In the past decade, the widening use of computers has had a profound influence on the way ordinary people communicate, search and store information. For the overwhelming majority of people and situations, the natural vehicle for such information is natural language. Text and to a lesser extent speech are crucial encoding formats for the information revolution.

In this course, you will be given insight into the fundamentals of how computers are used to represent, process and organize textual and spoken information. We will cover the theory and practice of human language technology, going behind the scenes of internet search engines, automatic translators, spam filters, spell-checkers, dialogue systems and more.

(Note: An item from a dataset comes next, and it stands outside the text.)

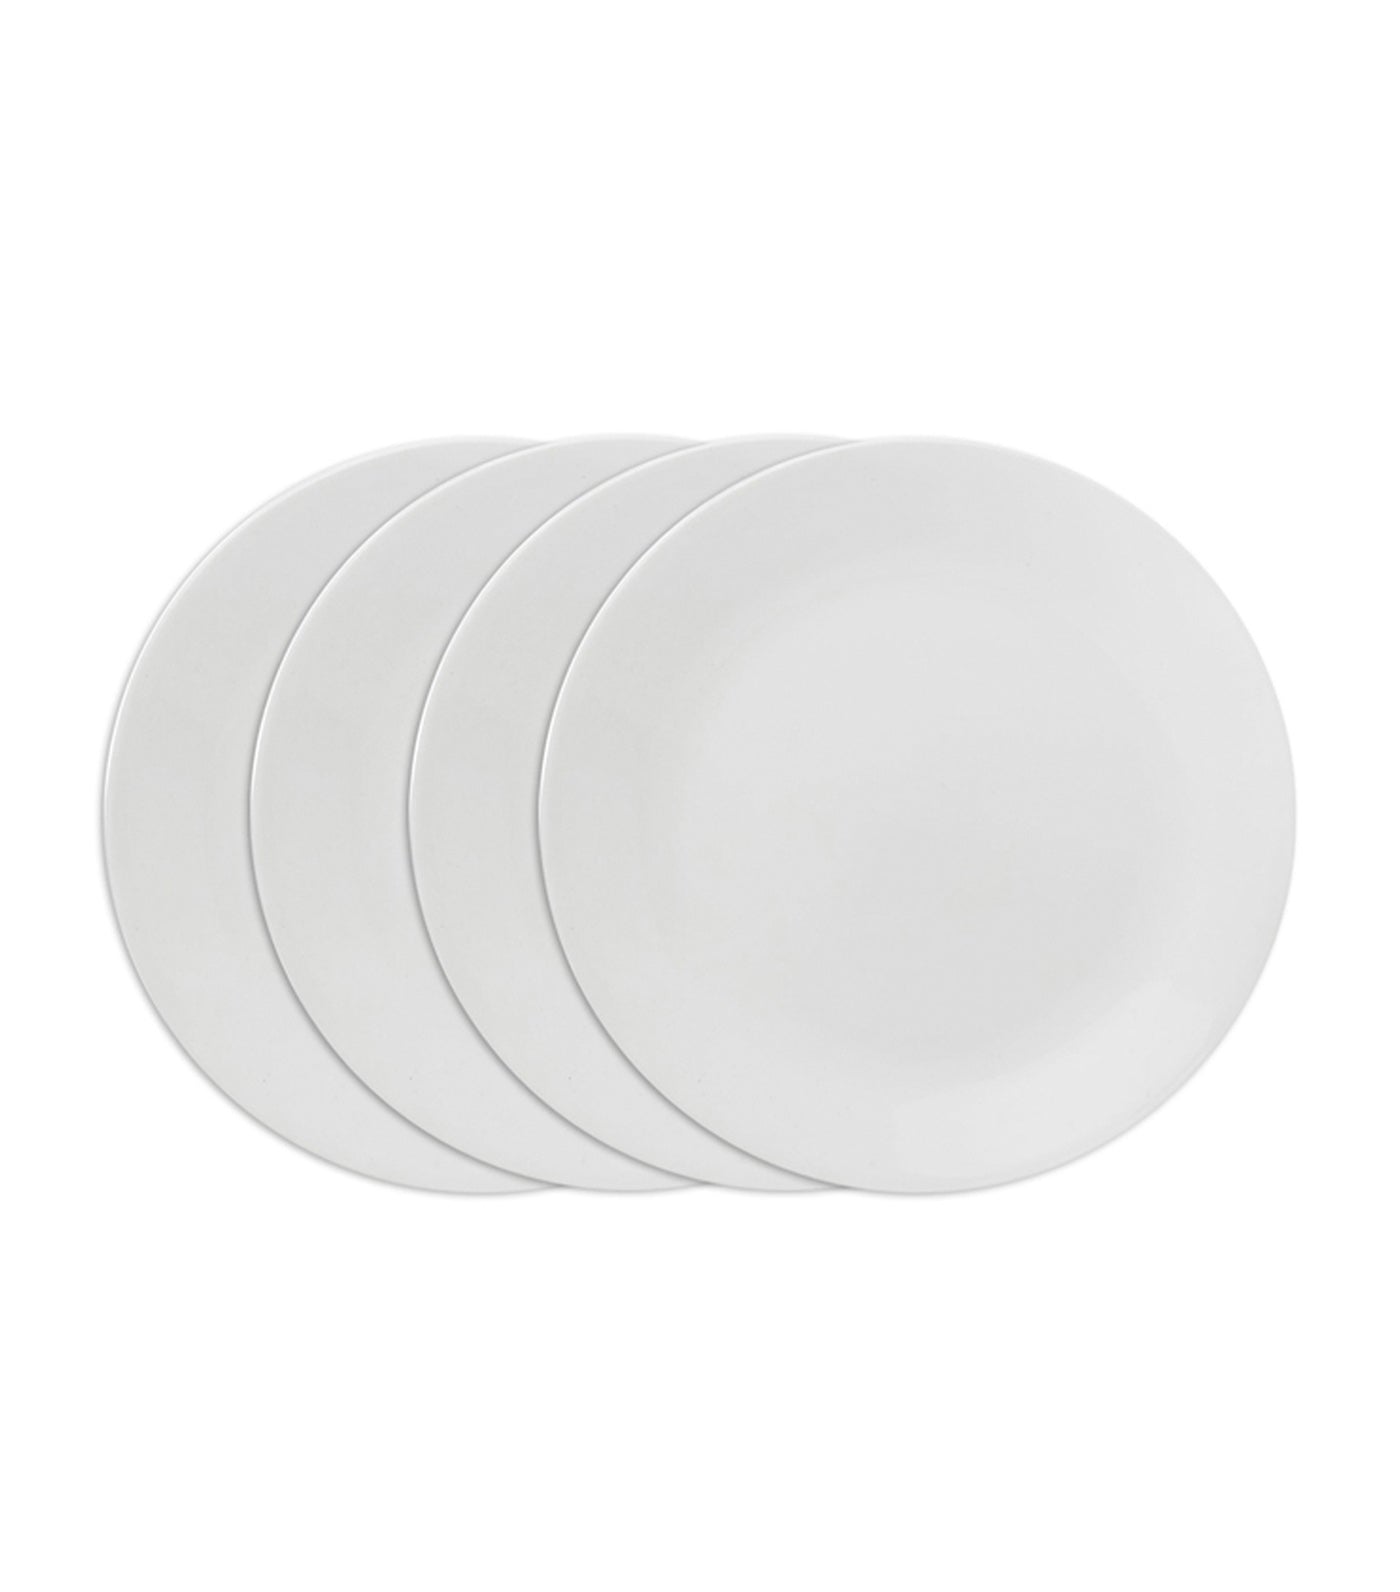 Corelle 4-Piece Luncheon Plate Set - Winter Frost White
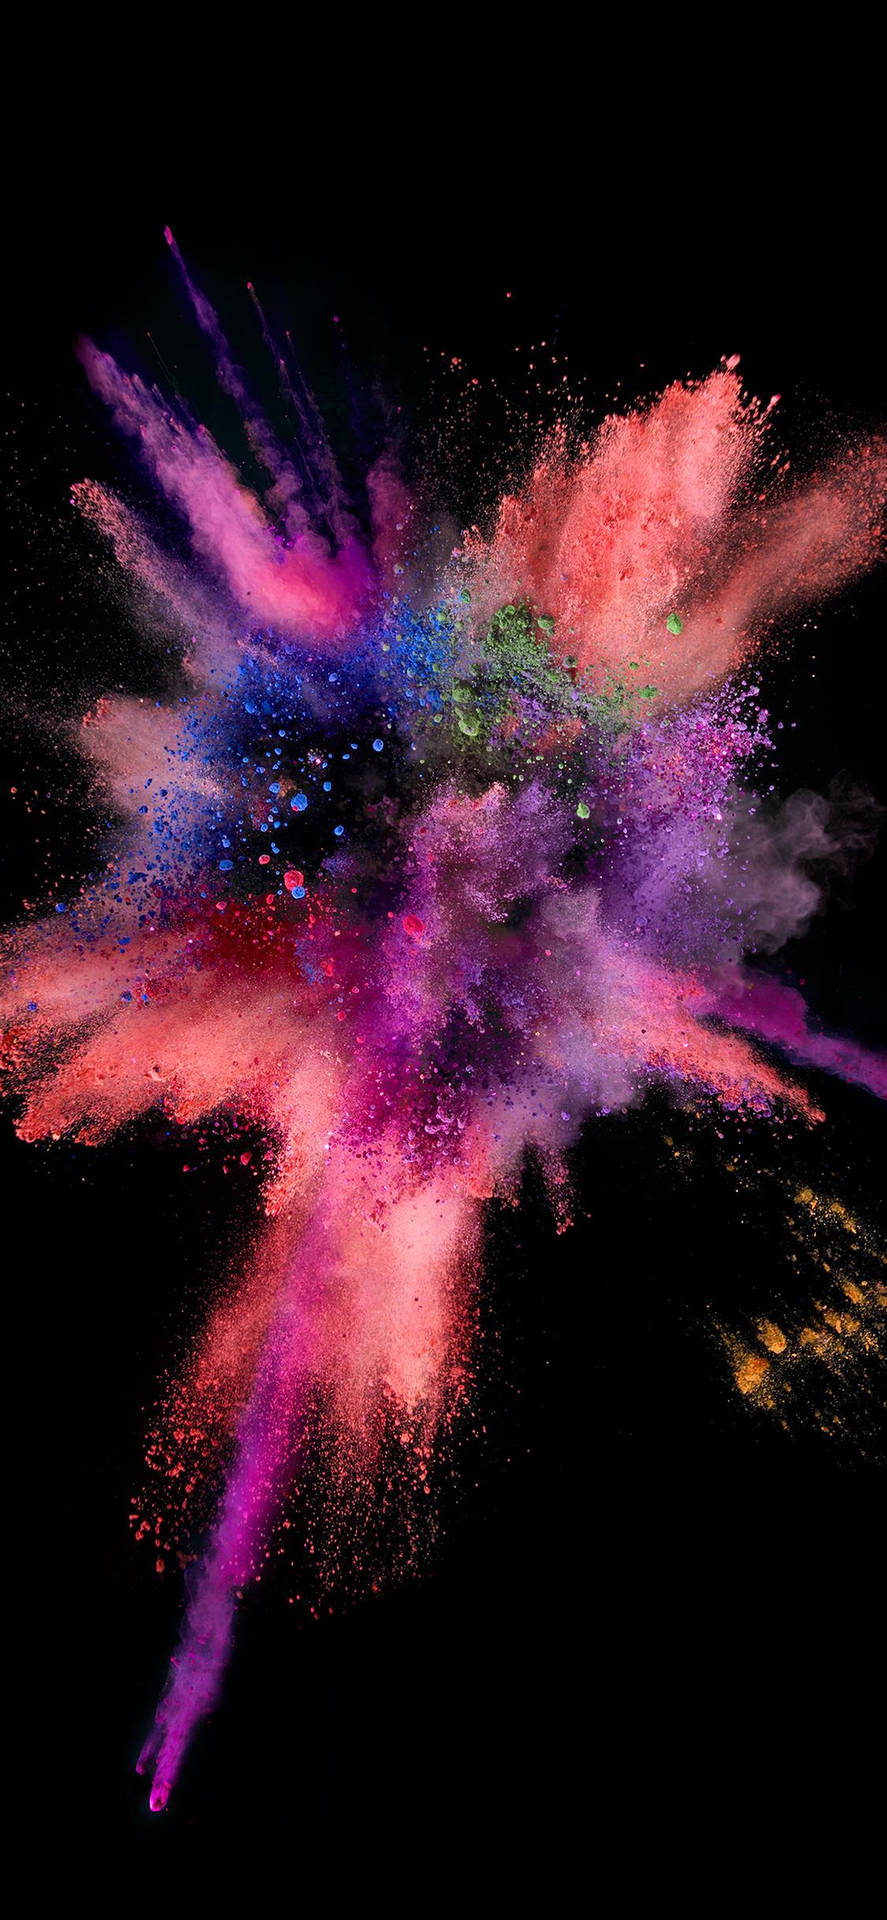 iPhone X Original Colorful Dust Explosion Wallpaper

The course satisfies the GEC category 2B (Mathematical and Logical Analysis). It does so by using natural language systems to motivate students to exercise and develop a range of basic skills in formal and computational analysis. The course philosophy is to ground abstract concepts in real world examples. We introduce strings, regular expressions, finite-state and context-free grammars, as well as algorithms defined over these structures and techniques for probing and evaluating systems that rely on these algorithms. The course goes beyond merely subjective evaluation of systems, emphasizing analysis and reasoning to draw and argue for valid conclusions about the design, capabilities and behavior of natural language systems.


The basic requirement is regular attendance in class and active participation. There will be roughly one on-line quiz per topic, to ensure the material covered in class and in the readings is mastered. And there will be roughly one homework assignment per topic, which will give you the opportunity to explore new aspects of the topics discussed in class.